Bug #105074 Take over error: DELETE immediately followed by INSERT
Submitted: 29 Sep 2021 11:18 Modified: 30 Sep 2021 11:47
Reporter: Mikael Ronström Email Updates:
Status: Closed Impact on me:
Category:MySQL Cluster: Cluster (NDB) storage engine Severity:S3 (Non-critical)
Version:8.0.23++ OS:Any
Assigned to: MySQL Verification Team CPU Architecture:Any

[29 Sep 2021 11:18] Mikael Ronström
The following happens.
1) A node is restarting
2) The NDB API first deletes a row followed immediately by an INSERT of the same row from a different transaction.

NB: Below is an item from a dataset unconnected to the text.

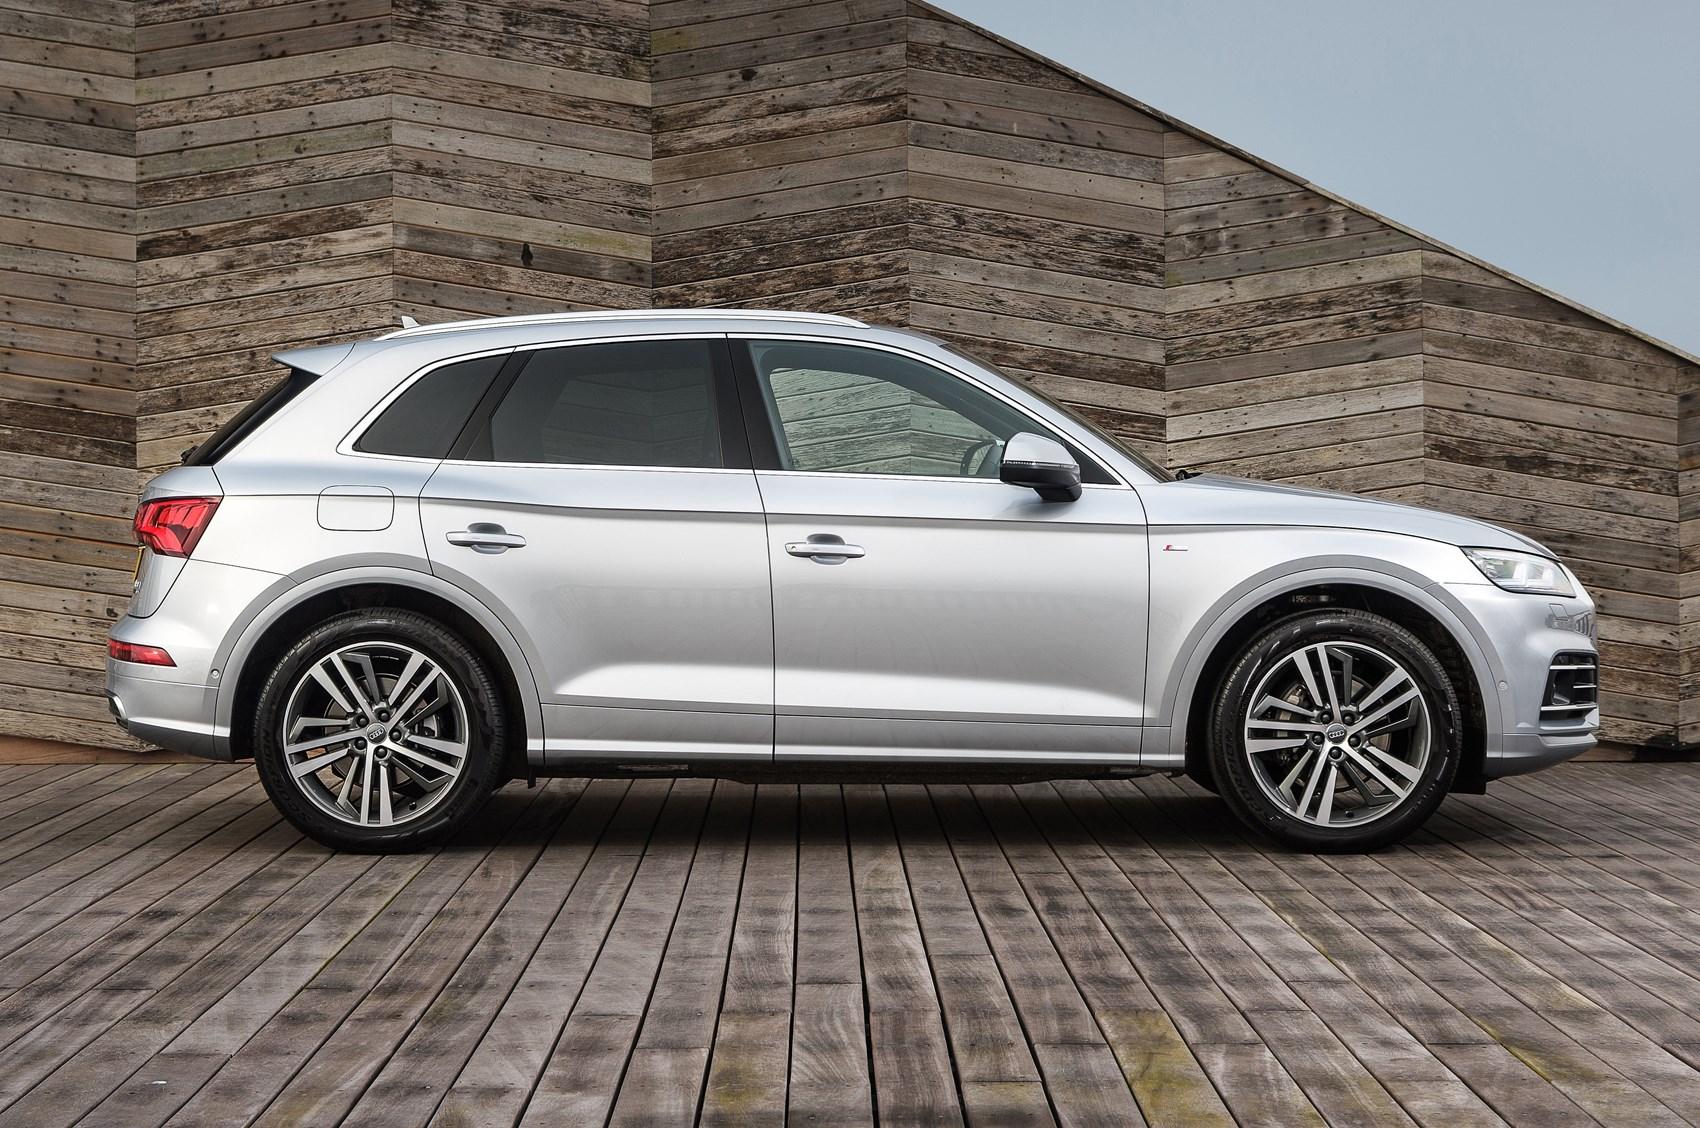 Audi 2017 Q5 Suv Static Exterior

When 2) happens the DELETE is COMMITted in the starting node, but not yet
COMPLETEd. This means that since the starting node is a backup replica
the row is still locked.

The code in handle_nr_copy assumes that any INSERT will not see any locked
rows. There is no handling of a real-time break in this situation.

How to repeat:
Run the testcase testNodeRestart -n Bug16895311 T1
on a machine with many CPUs and using 3 replicas.

Suggested fix:
Ensure that starting nodes unlock the row already in the COMMIT phase.
This should ensure that any INSERTs that arrive from normal transactions
in the Copy phase arrive at the starting node cannot meet a locked row.
[29 Sep 2021 12:25] Mikael Ronström
After some deeper investigation it seems that the bug is caused by
the node order in normal transactions is wrong. So will investigate further.
Ignore this bug report for now.
[29 Sep 2021 13:02] MySQL Verification Team
Thanks Mikael, let us know if you discover something

all best
[30 Sep 2021 11:47] Mikael Ronström
Not a bug in NDB